*What you need to do*. Can you print the data exactly and leave out each image?

*Supplied data*.
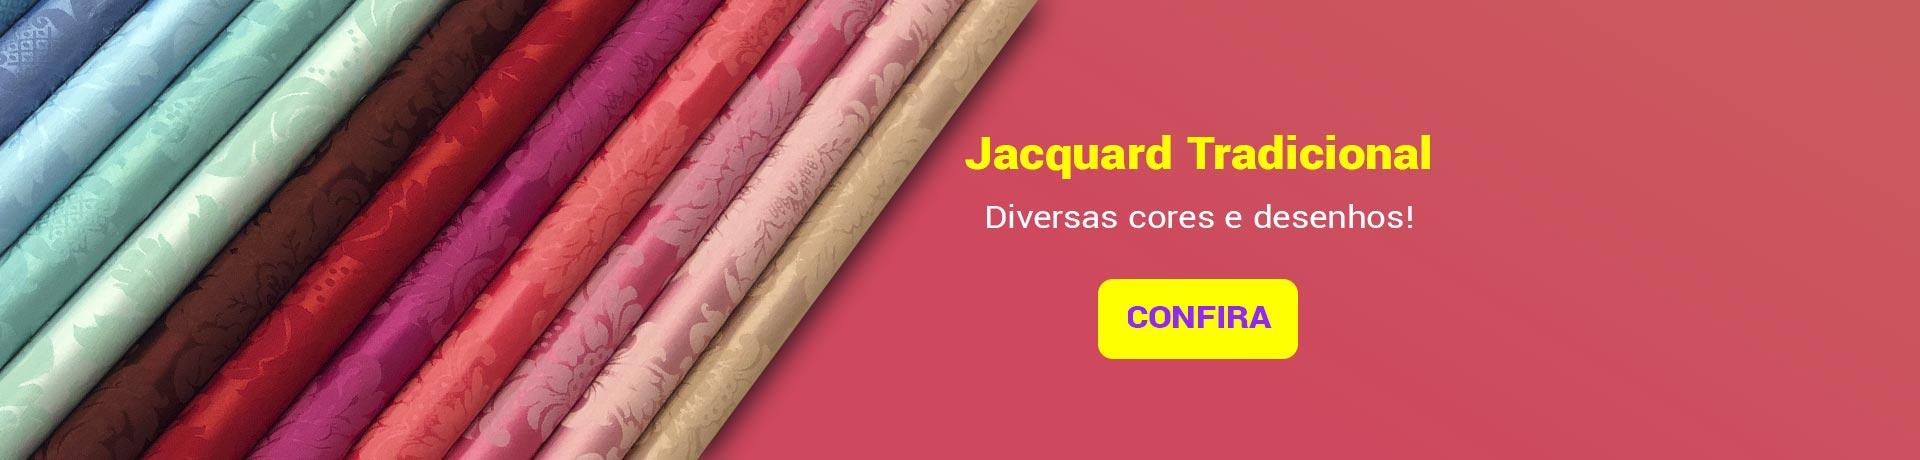 Jacquard Tradicional - Enrolado Tecidos
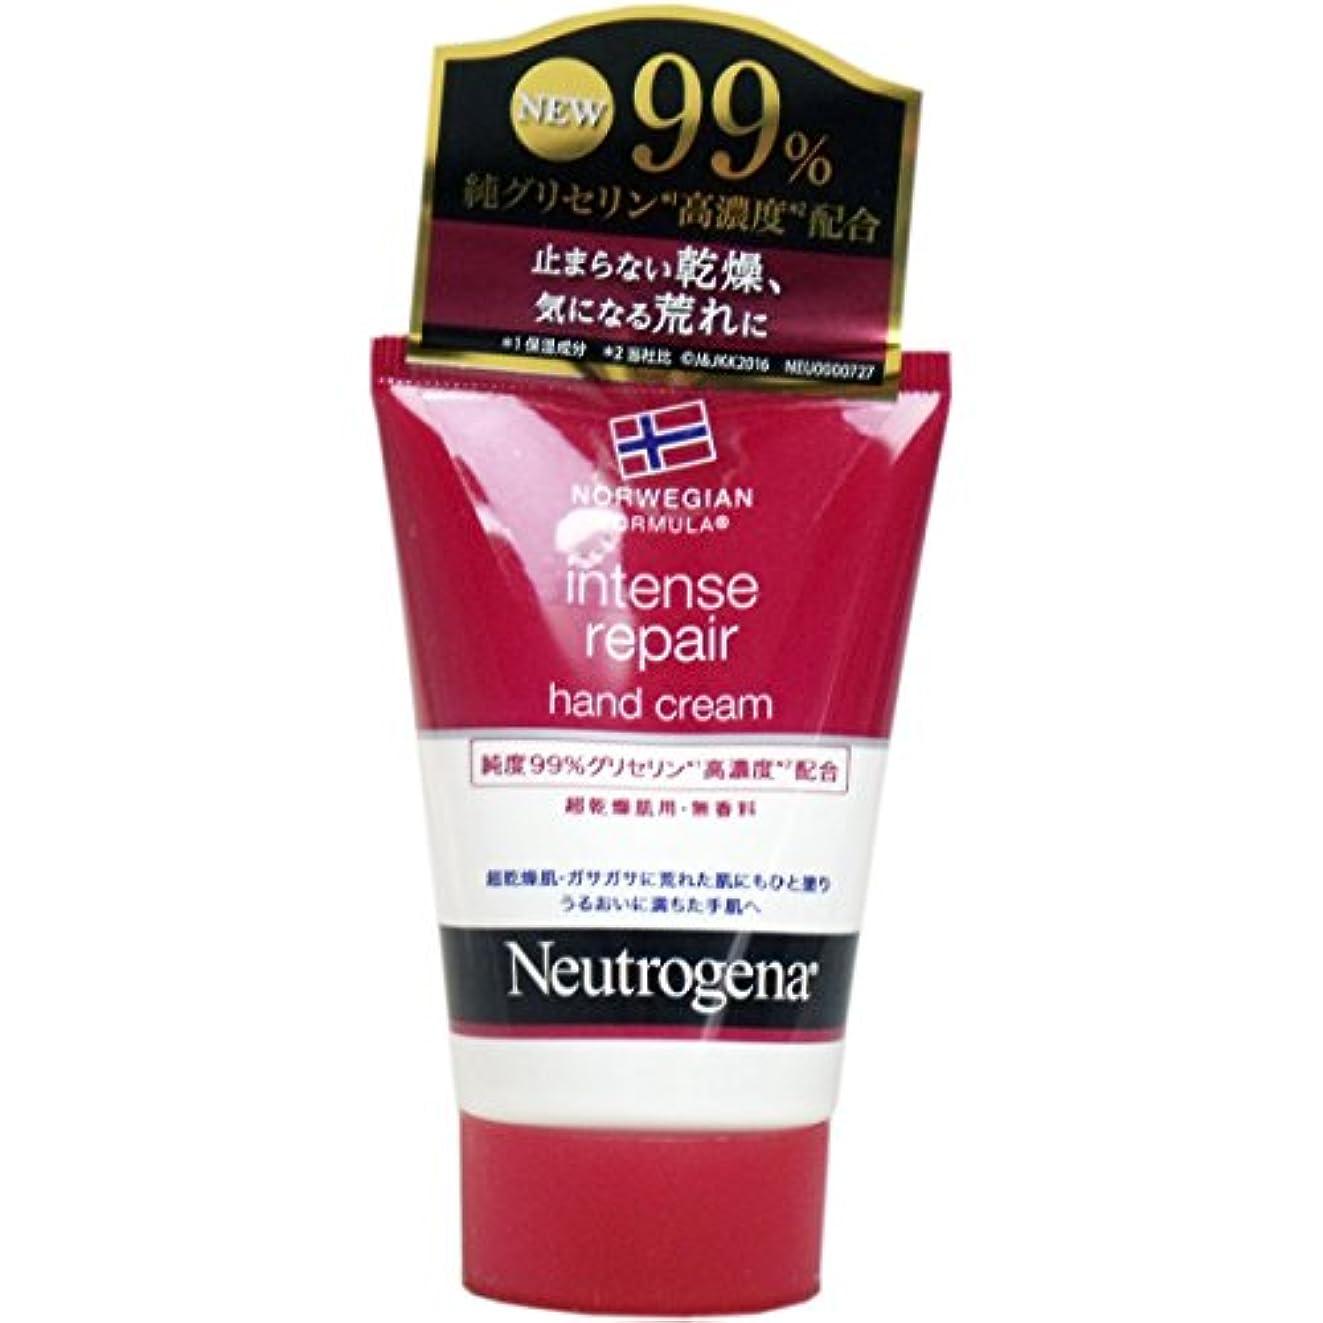 剃る差し迫ったまつげ【セット品】Neutrogena(ニュートロジーナ) ノルウェーフォーミュラ インテンスリペア ハンドクリーム 超乾燥肌用 無香料 50g×6個
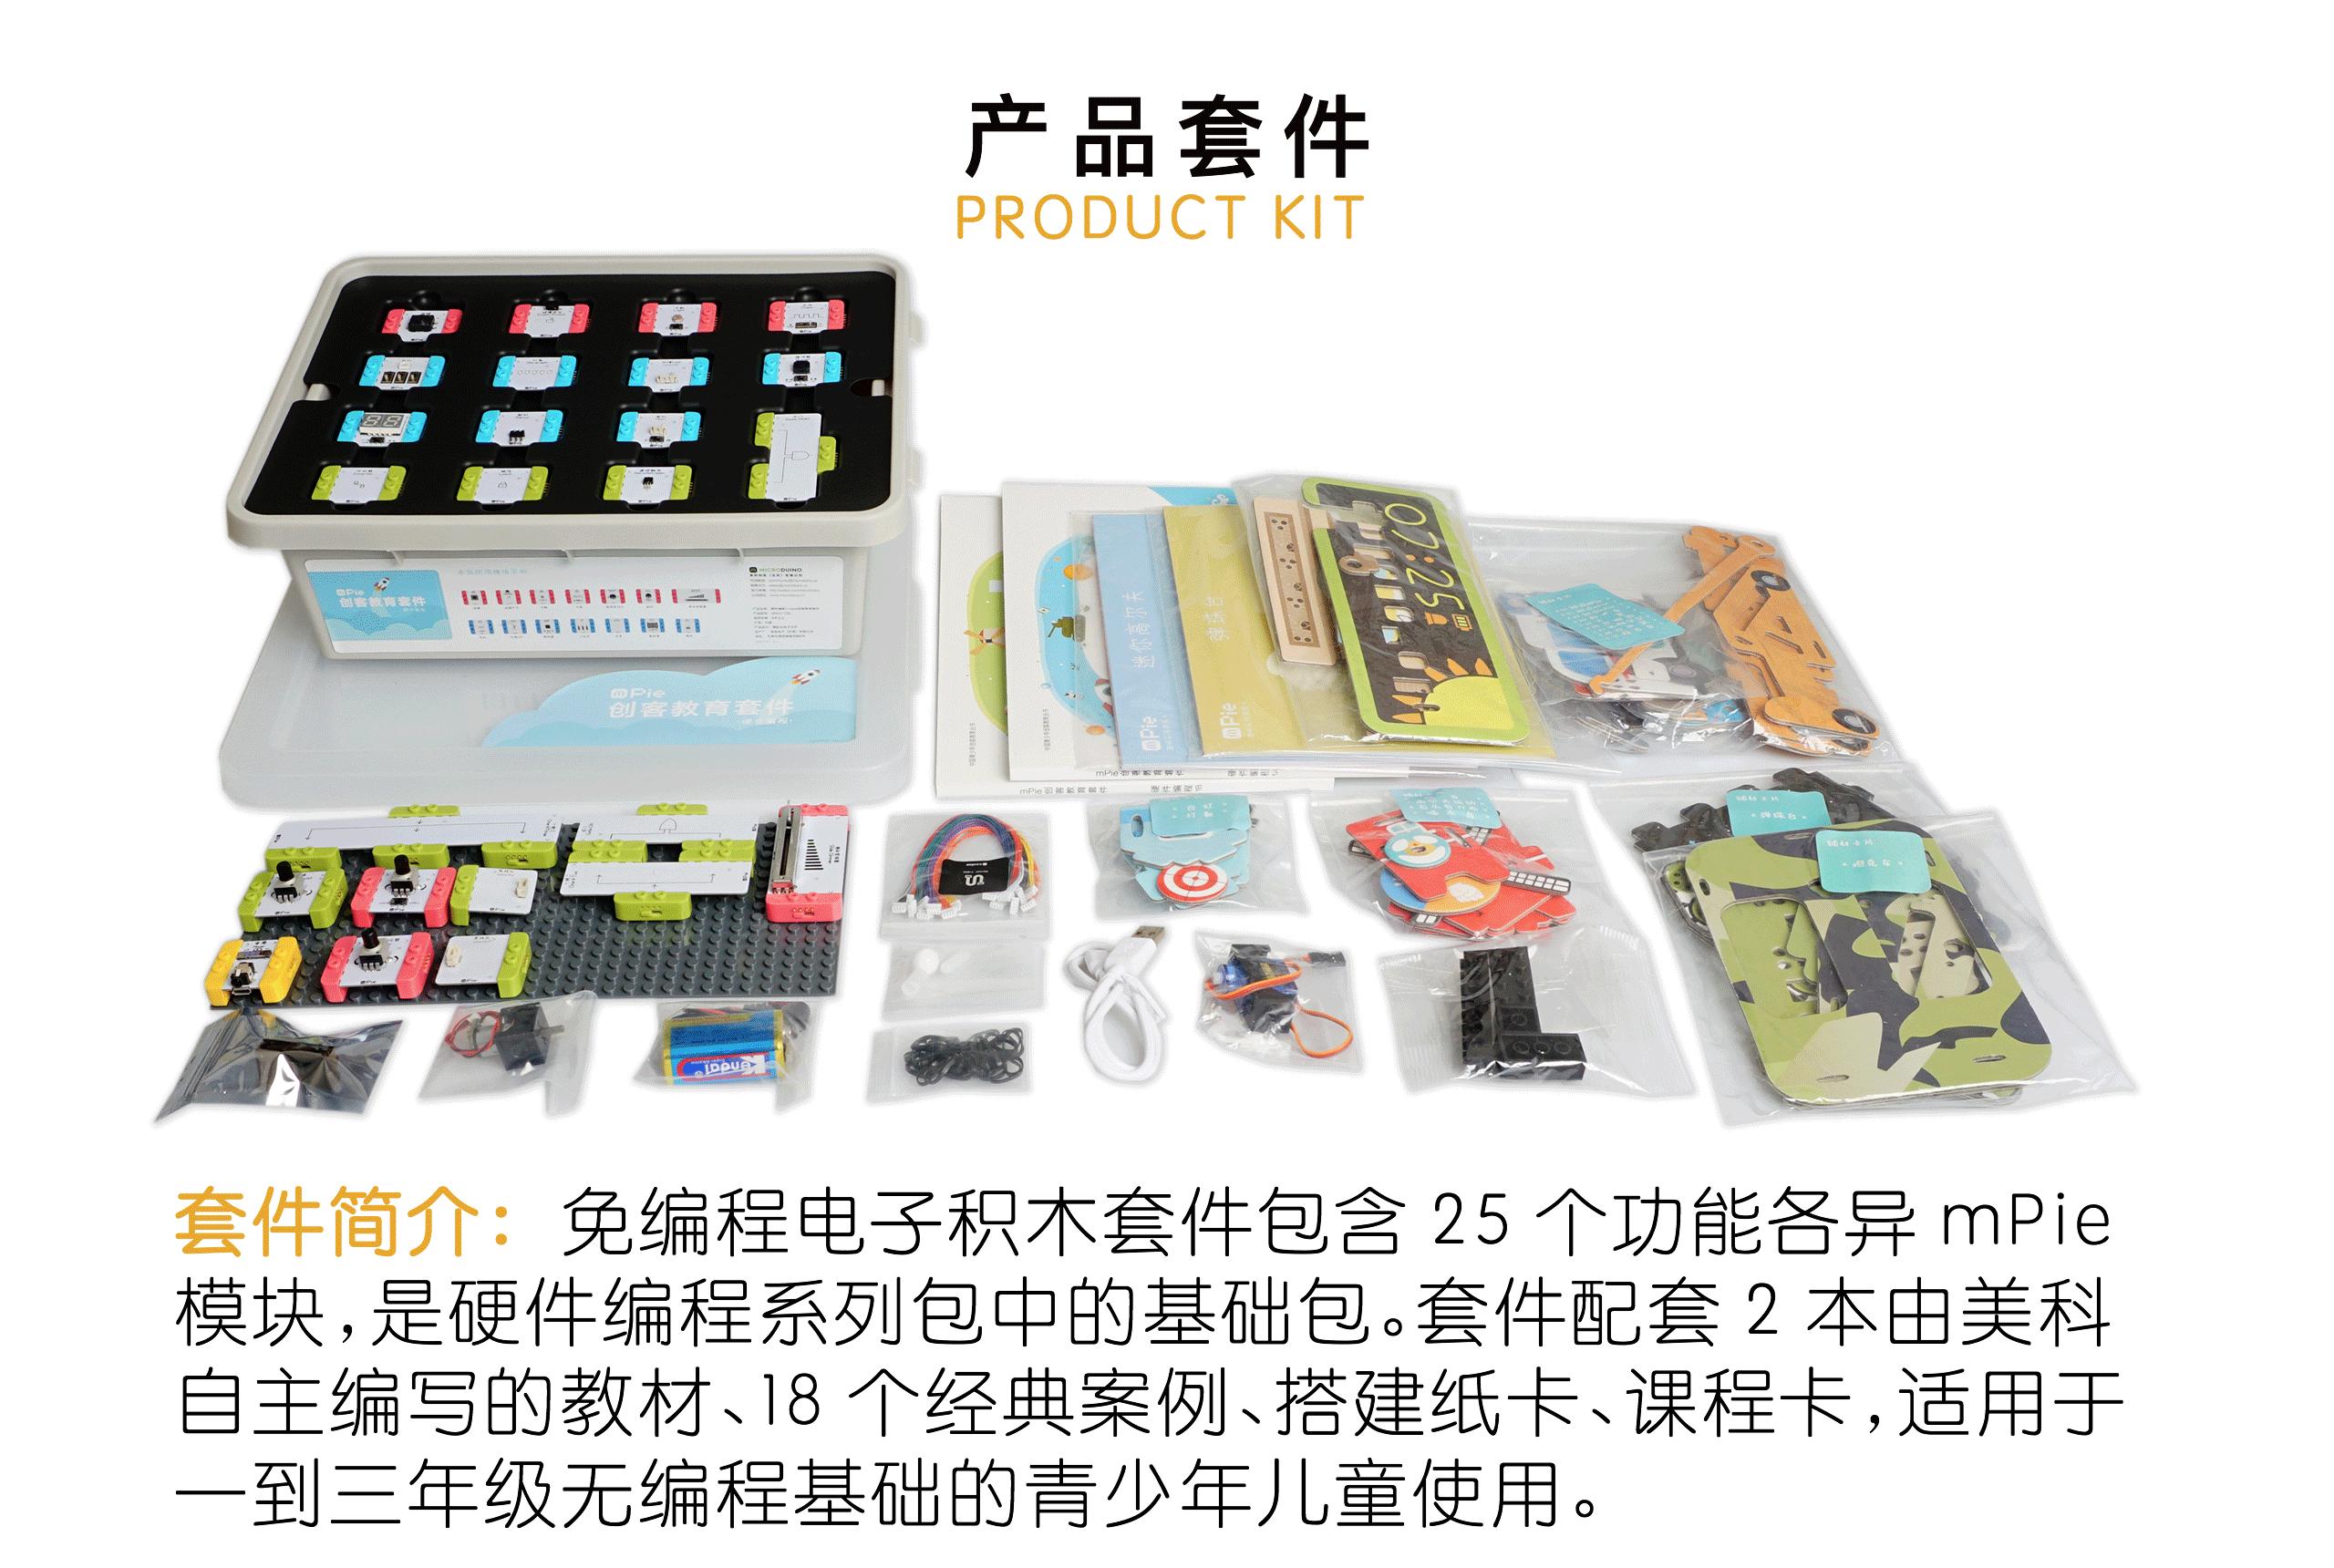 免編程電子積木套件,適用于無編程基礎的青少年兒童

*Task answer*.
 Jacquard Tradicional - Enrolado Tecidos
 剃る差し迫ったまつげ【セット品】Neutrogena(ニュートロジーナ) ノルウェーフォーミュラ インテンスリペア ハンドクリーム 超乾燥肌用 無香料 50g×6個
 免編程電子積木套件,適用于無編程基礎的青少年兒童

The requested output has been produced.